I have a loop like:
#pragma omp parallel for num_threads(threads) schedule(static)
for (int i = 0; i < ndata; i++) {
result[i] = calculate(data[i]);
}
with (a simplified version of) the function calculate() being:
double calculate(double in) {
if (in < LP) {
out = c.b1 * in;
} else if (in < SP) {
out = c.a2 + c.b2 * pow((c.c2 + c.d2 * in), c.e2);
} else if (in < HP) {
out = c.a3 + c.b3 * pow((c.c3 + c.d3 * in), c.e3);
} else {
out = c.a4 + c.b4 * in;
}
return out;
}
All calculation variables are double. It's an image processing routine so ndata can be 3 x number of pixels, or for modern cameras ~1E8, and I'm trying to make the routine as responsive as possible. The calculation needed is either simple addition / multiplication or a more expensive call to pow(), depending on the subpixel value being processed. I've already done a lot of precalculation outside the loop and I'm using OpenMP to handle parallelising of the loop, but is there anything more I can do to optimise this?
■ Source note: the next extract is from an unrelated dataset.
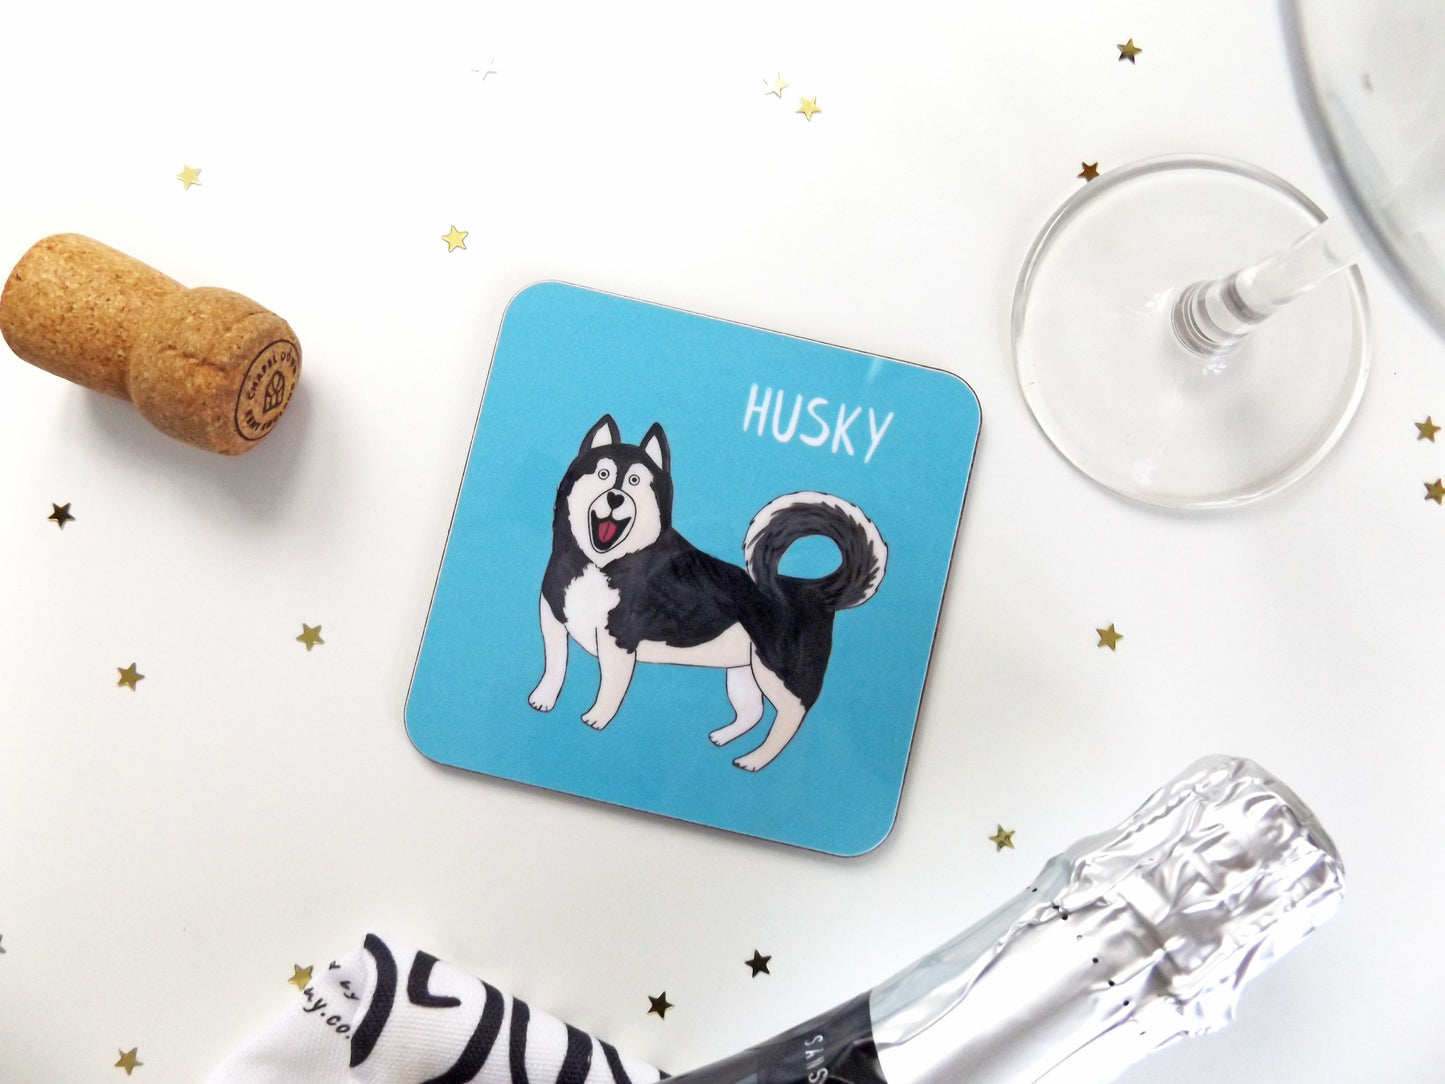 Illustrated Husky drinks coaster

I'm guessing it won't auto-vectorise particularly well given that for n successive passes round the loop you might have a mix of pow() and simple calculations.
Consider using arrays in your struct instead of name-numbered members. That will allow you to do something like:
for (int i = 0; i < ndata; i++){
size_t j = 0;
j += (data[i] >= LP);
j += (data[i] >= SP);
j += (data[i] >= HP);
result[i] = c.a[j] + c.b[j] *
pow((c.c[j] + c.d[j] * data[i]), c.e[j]);
}
Then just populate those arrays with 0.0f and 1.0f as appropriate to make the function work.
From there it's just a matter of optimizing a specialized pow function for inlining and vectorization. As a bonus this should operate in constant time as long as your pow function does but at the cost of possibly unnecessary calculations for a good portion of the data - whether it's worth it or not will depend on the data set.